By integrating these components, MDIP enables the development of MDIS, an intelligent and automated system capable of detecting misinformation, identifying its themes, and delivering refutations to combat its impact on public health. The overall architecture of the proposed framework is illustrated in Figure 1. Figure 1A outlines the 4 stages of the MDIP: supervised detection of misinformation, topic modeling, generation of interpretable topic descriptions, and theme-based refutation. Figure 1B presents the end-to-end workflow of the MDIS, which processes new text inputs to produce a misinformation classification, assign the text to a thematic category, and generate a matched refutation. Finally, Figure 1C provides an example of the user-facing output, demonstrating how the system delivers both a misinformation warning and a concise, contextually relevant refutation.

Misinformation detection in text documents has become a critical area of research due to the growing prevalence of misleading or false information online. To address this challenge, we use classifiers based on LLMs. These LLMs are trained to categorize text into 2 classes: misinformation and nonmisinformation, as shown in the first part of Figure 1A.

Our classifier was trained using 2 complementary datasets, each providing diverse linguistic characteristics to enhance performance in detecting misinformation. The first dataset, the AAAI 2021 Competition Dataset [49], consists of misinformation sourced from social media platforms such as Facebook and X (formerly known as Twitter). This dataset reflects the informal, conversational style of social media, characterized by casual tone, nonstandard grammar, and the use of slang. The second dataset, COVID_19FNIR [50], includes misinformation presented in formal, structured language, offering a stark contrast to the informal nature of the first dataset. By incorporating these 2 datasets, we trained 3 different LLMs to detect misinformation effectively across a wide spectrum of communication styles. The blend of informal and formal language enabled the model to better generalize, achieving improved accuracy and robustness in identifying misinformation, whether generated by humans or artificial intelligence (AI).

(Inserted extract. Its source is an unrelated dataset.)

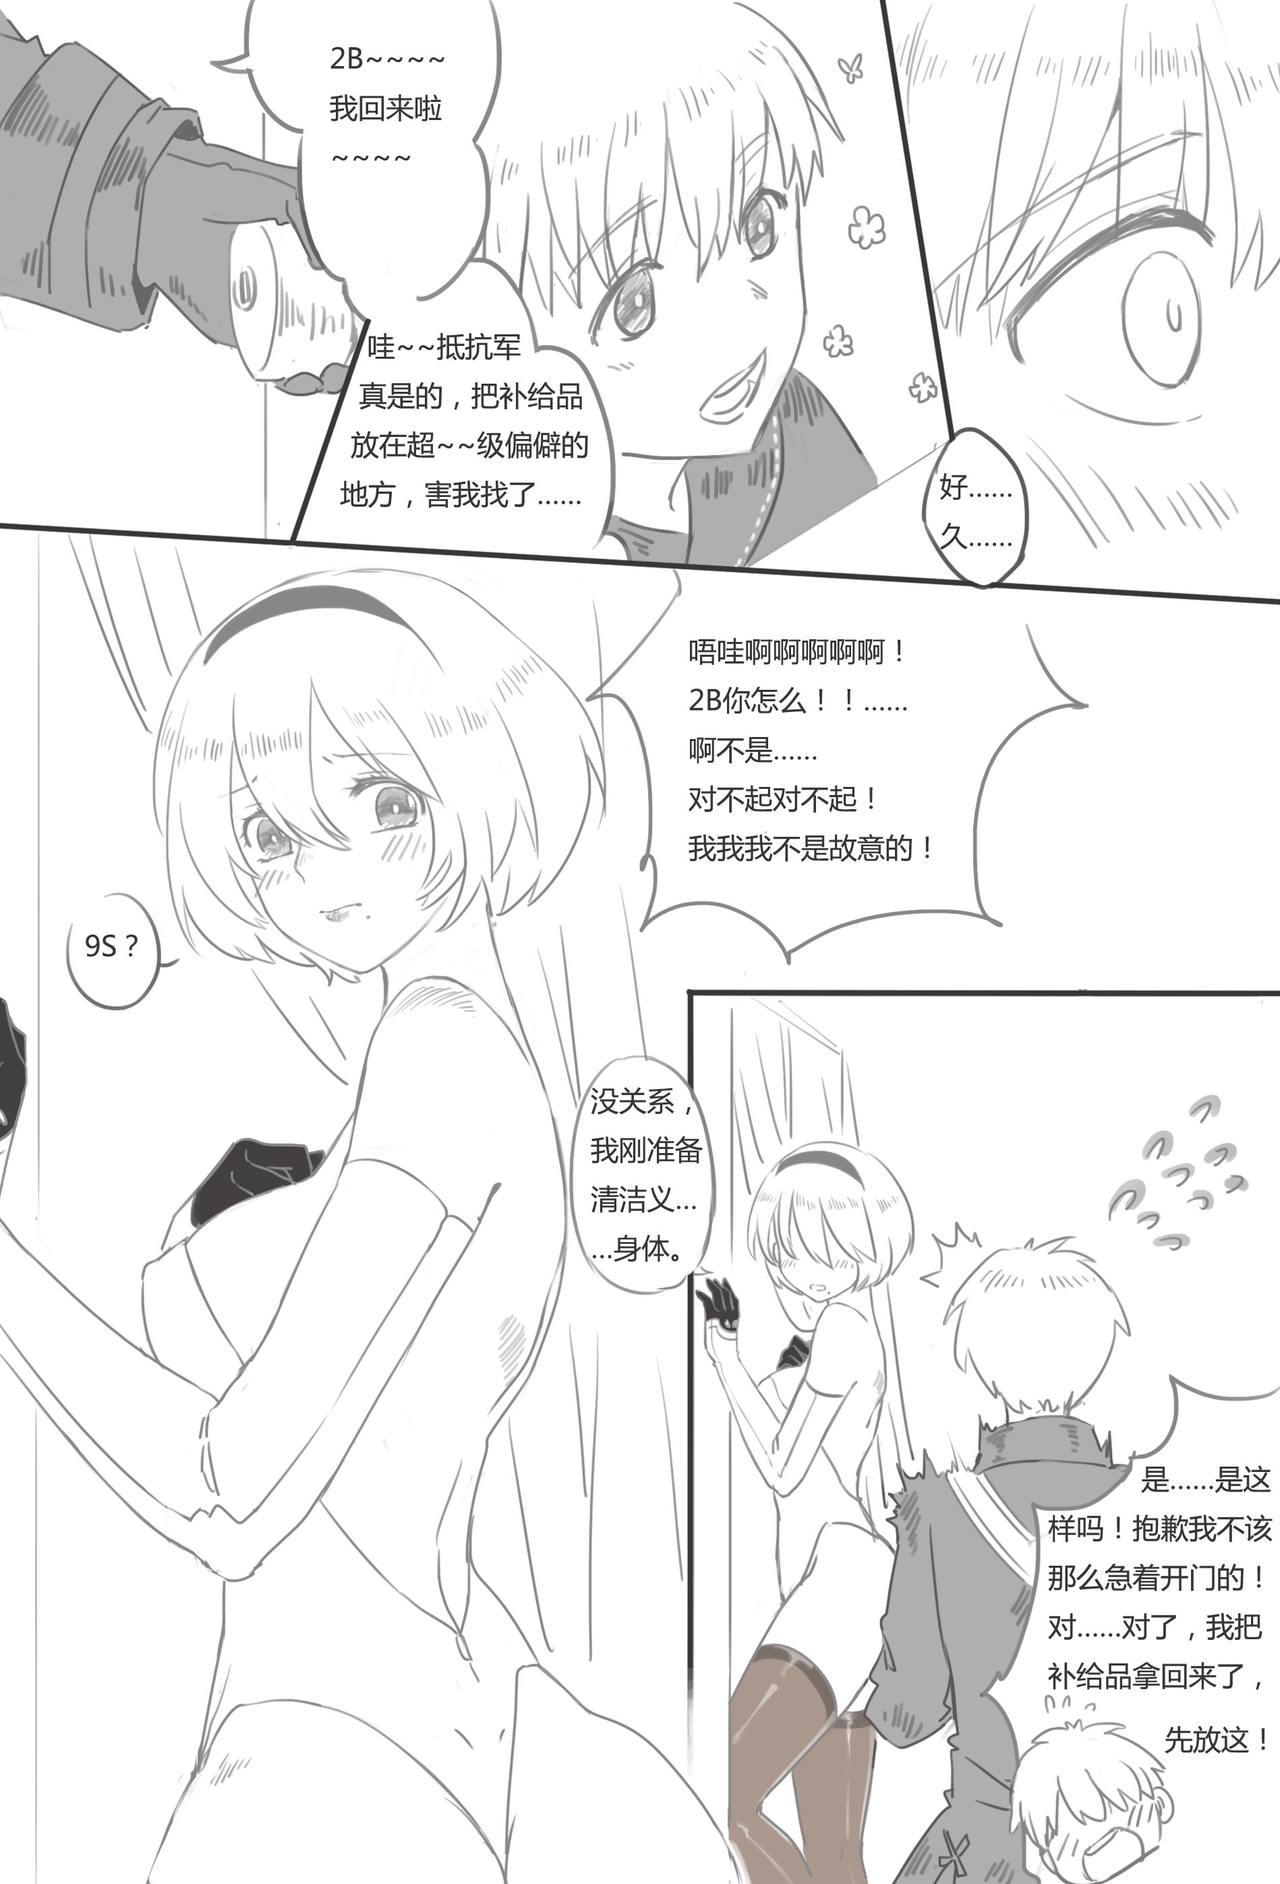 Bondagesex [WS] 9Sx2B - Life after the [E] end. (NieR:Automata) [Chinese] - Nier automata Argenta - Page 3
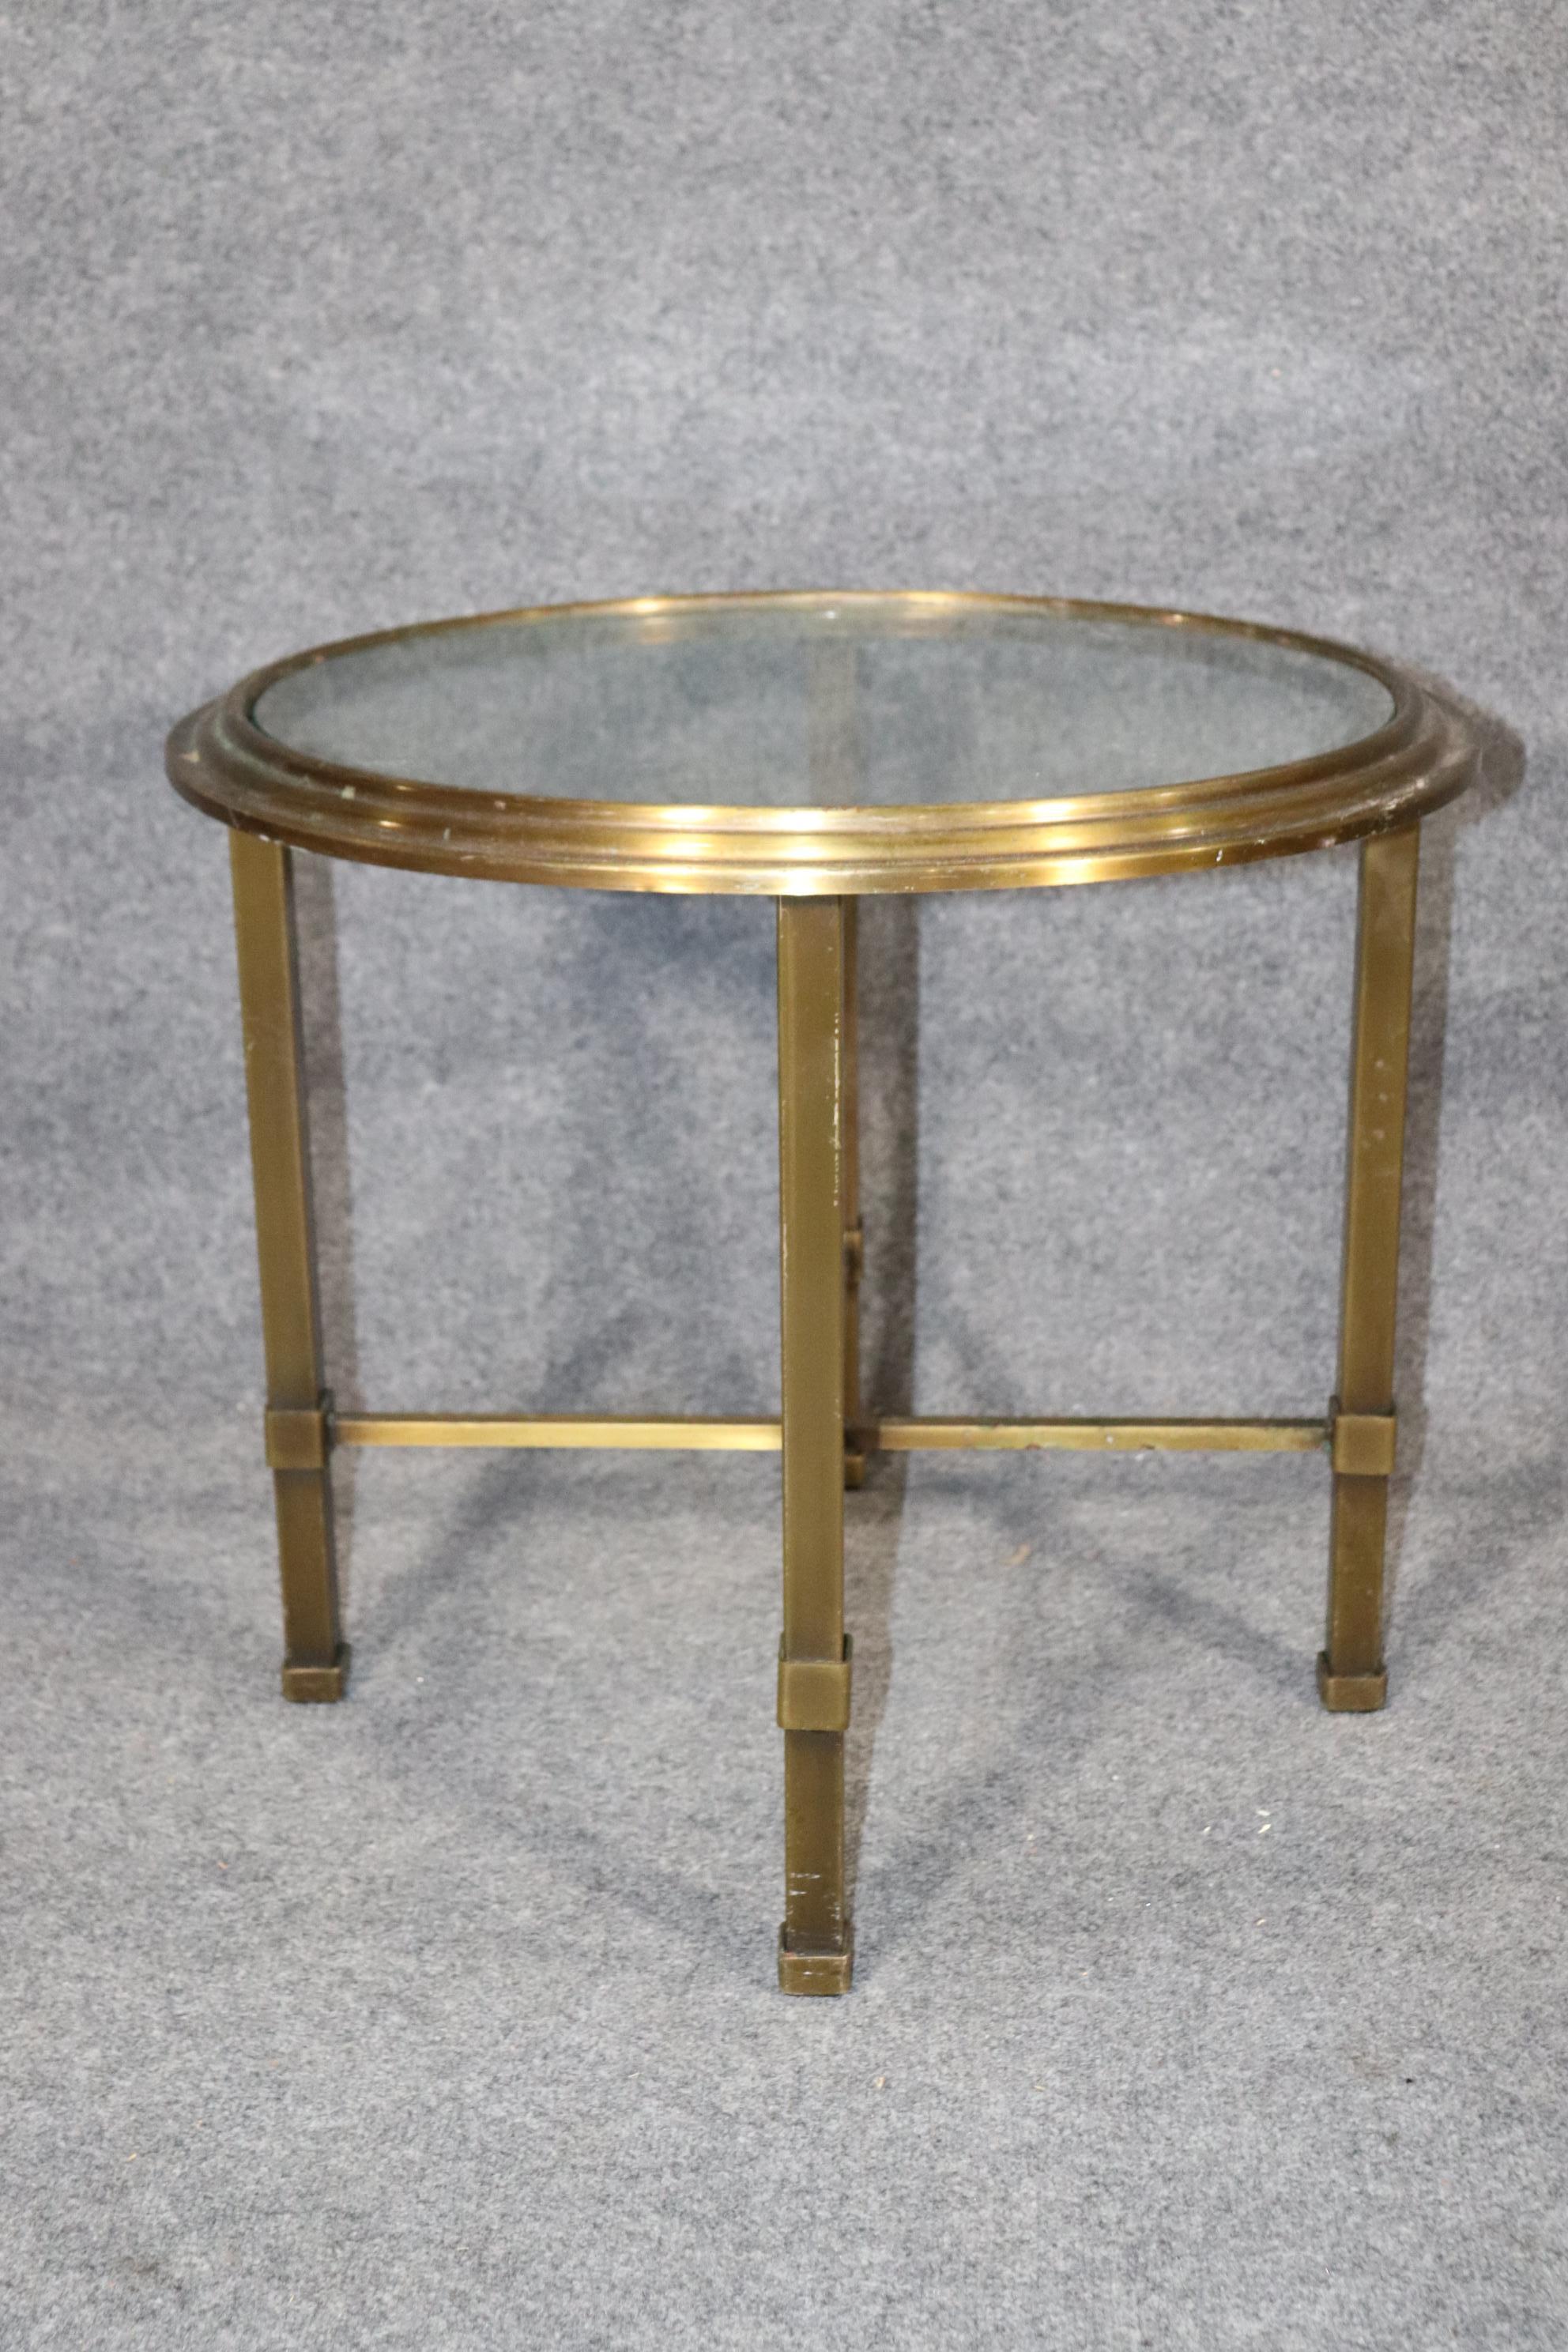 Late 20th Century Pair of Mid-Century Modern Brass and Glass Mastercraft Style Round End Tables

Traditionally, researchers collect human-written data from social media platforms such as Twitter and Facebook, label them as misinformation or nonmisinformation, and then train a deep neural network to classify such documents [35,36,51,52]. However, recent studies have demonstrated that deep neural networks trained exclusively on human-written datasets exhibit weaker accuracy in detecting AI-generated misinformation compared with human-written misinformation. This discrepancy arises because AI-generated misinformation often adopts formal language styles similar to accurate information shared by credible sources such as the WHO and the Centers for Disease Control and Prevention (CDC) on official social media accounts [33,34].

In this research, by combining a dataset with formal language and another with informal language (enriching the dataset with different language types and more misinformation), we demonstrate that LLMs achieve reasonable accuracy in detecting AI-generated misinformation. This approach ensures better generalization and robustness, bridging the gap in identifying misinformation across diverse linguistic styles.

As outlined in the second section of Figure 1A, our approach involves 3 key steps. First, we collect misinformation data. Next, we select and compare topic modeling algorithms based on specific features and metrics to identify the most effective model. Finally, we design an algorithm that assigns topics to new or unclassified documents.

To identify misinformation topics, we used one of the largest datasets of verified COVID-19 claims, the IFCN dataset, which has been extensively used in related research [41,53,54]. We applied 3 topic modeling algorithms—Latent Dirichlet Allocation (LDA) [55], Top2Vec [56,57], and BERTopic [57,58]—to analyze this dataset.

To evaluate and compare the performance of these algorithms, we selected 3 metrics: Coherence Value (CV) [59], Normalized Pointwise Mutual Information (NPMI) [59], and Inverse Rank-Biased Overlap (IRBO) [60]. CV and NPMI measure the coherence of the topics, ensuring that they are logically consistent, being human interpretable, and meaningful. IRBO, on the other hand, evaluates the diversity of the topics generated by the model, which is crucial for ensuring broad coverage of the dataset’s content. Since our focus is on misinformation within health-related social media data, coherence and diversity are particularly important to ensure that topics are both interpretable and representative.

After selecting the best-performing topic model, we developed an algorithm to address the issue of unclassified documents. This algorithm assigns topics to new or previously unassigned documents, ensuring comprehensive topic coverage and improved usability of the model for real-world applications.

Topic modeling algorithms typically produce word-level representations for each topic. While these representations provide insight into the most relevant words associated with a topic, they often lack the semantic depth necessary to precisely identify the specific topic within a document. This limitation arises because word-level outputs fail to capture the context and relationships between words that define the overarching theme of a topic [51].

Recent advancements in LLMs have demonstrated their ability to generate high-quality, contextually relevant outputs with minimal or zero additional training by designing carefully crafted inputs—referred to as prompt engineering [61]. Leveraging this capability, we address the limitations of word-level representations by using prompt engineering techniques to generate sentence-level representations for each topic. These sentence-level representations capture the context and essence of the topic, enabling a more accurate and interpretable understanding of the document content.

Subsequently, these sentence-level representations are used to identify and articulate the overarching themes of the topics, also at the sentence level. This approach provides a more comprehensive view of the thematic structure within the document corpus. Finally, recognizing that all documents within the dataset share a common underlying reason for being classified as misinformation, we develop a tailored response list for each topic theme. The third section of Figure 1A illustrates these 3 steps.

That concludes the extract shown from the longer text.